**Data segment**
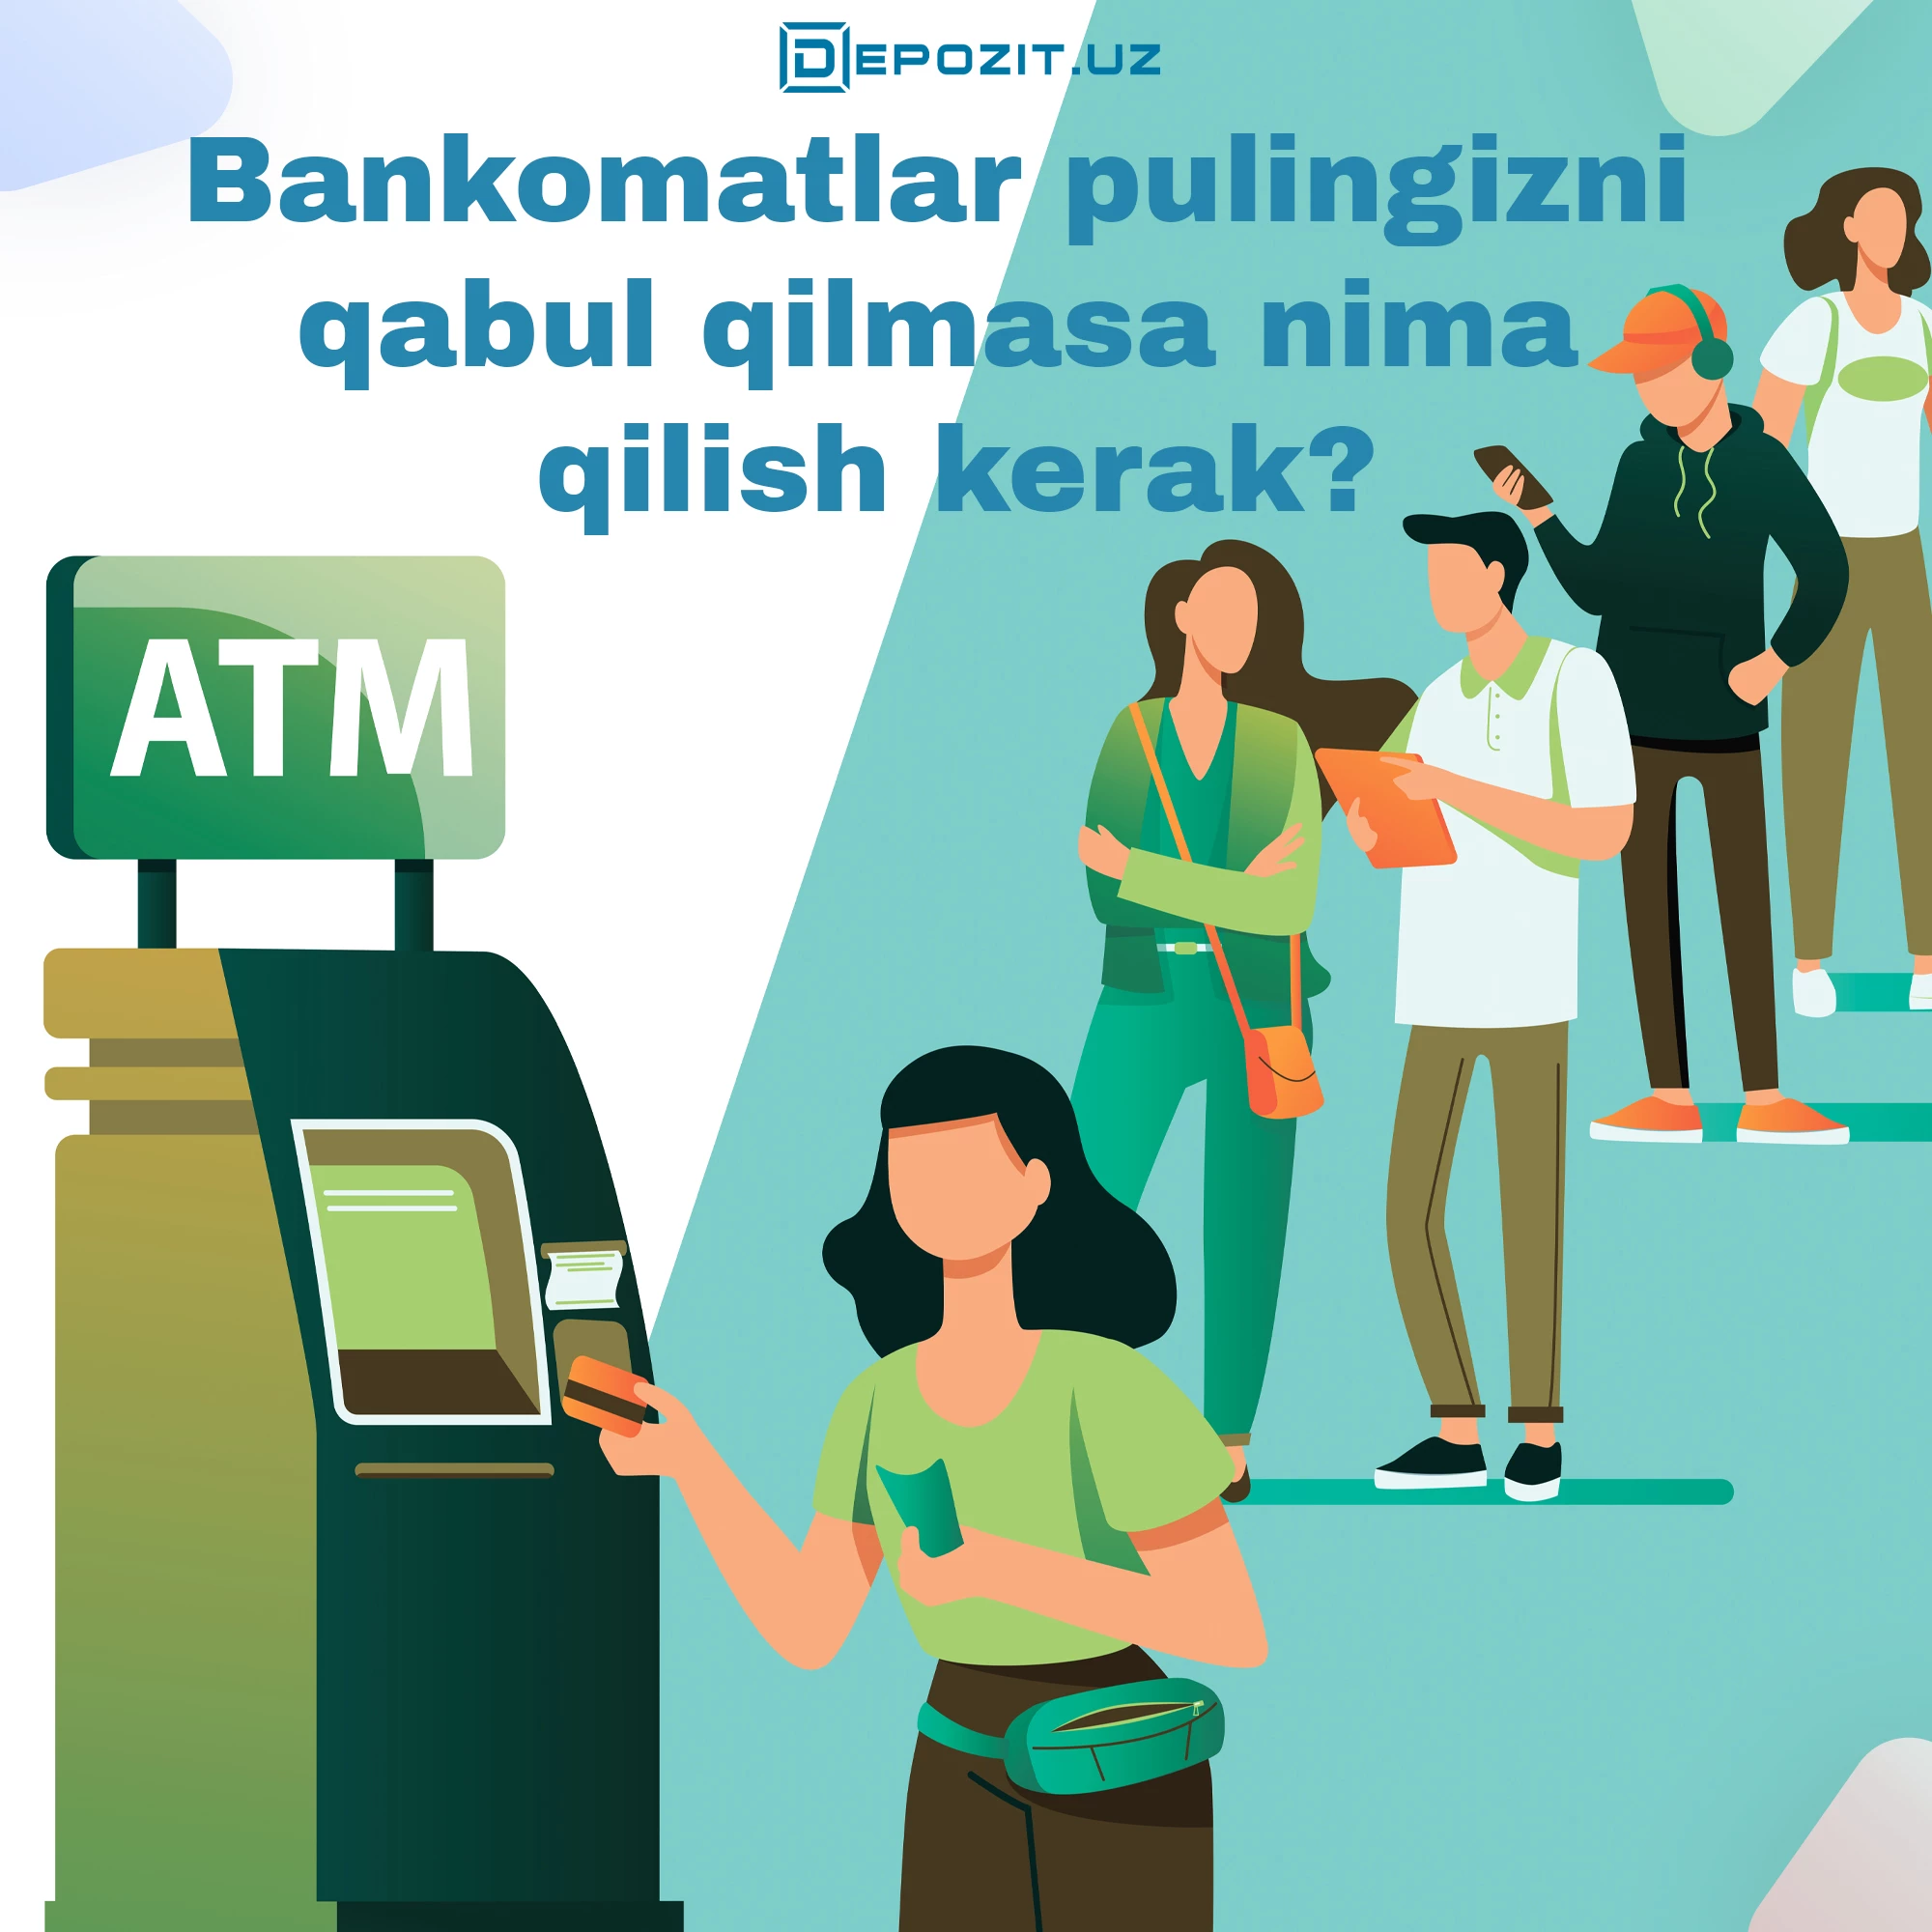 Что делать, если банкомат не принимает купюры?
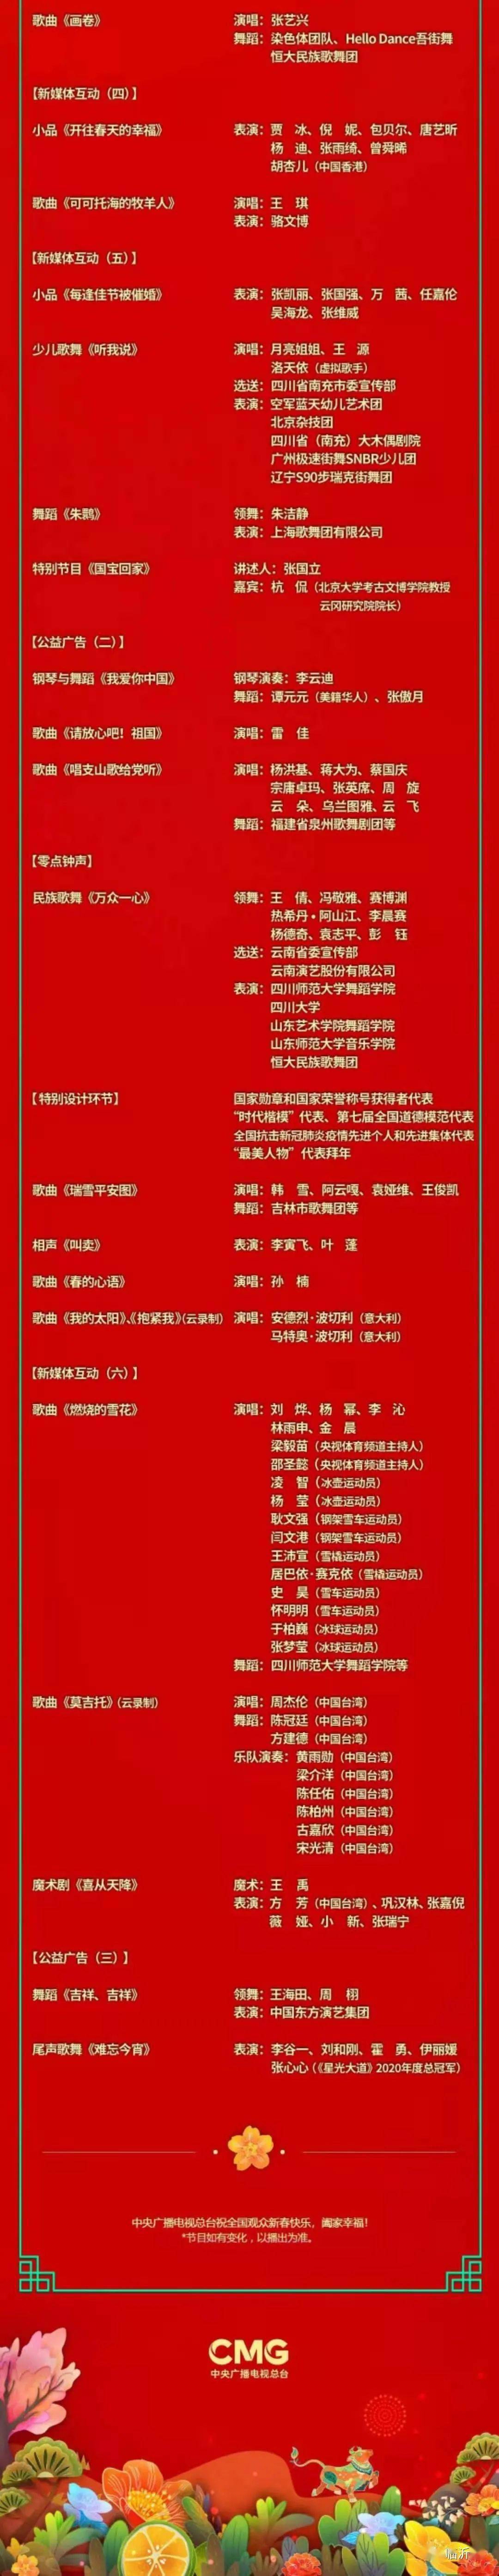 分会场主持人:马跃,张泽群,蔡紫,郑毅 2021年春节联欢晚会节目单如下
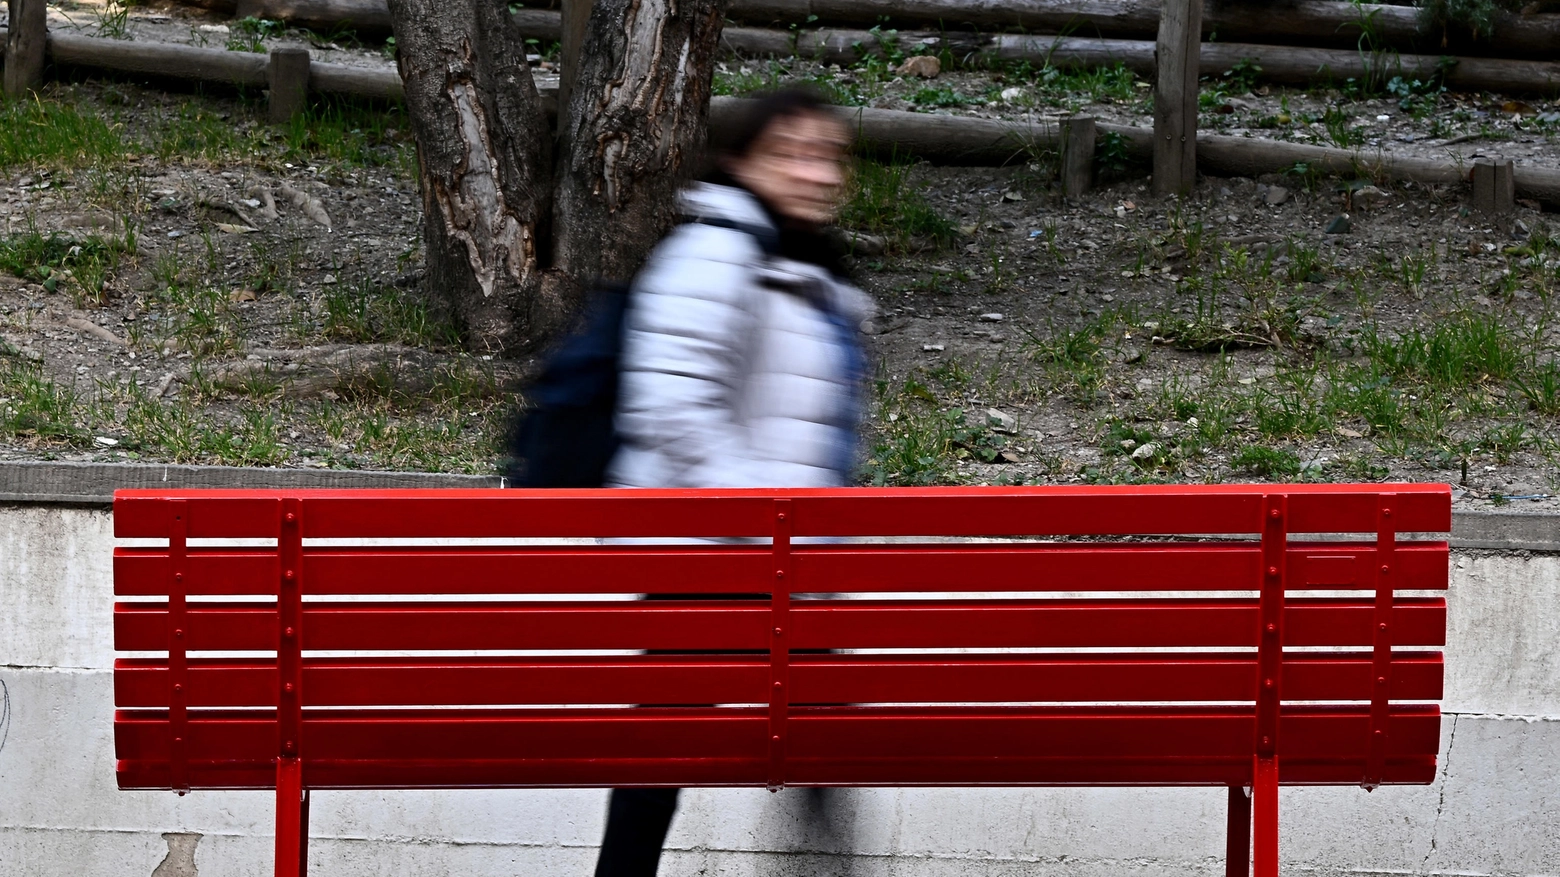 Una panchina rossa, simbolo della lotta alla violenza contro le donne

**Aim of the exercise**
Print the material above verbatim, no images.

**Exercise answer**
 Что делать, если банкомат не принимает купюры?
 分会场主持人:马跃,张泽群,蔡紫,郑毅 2021年春节联欢晚会节目单如下
 Una panchina rossa, simbolo della lotta alla violenza contro le donne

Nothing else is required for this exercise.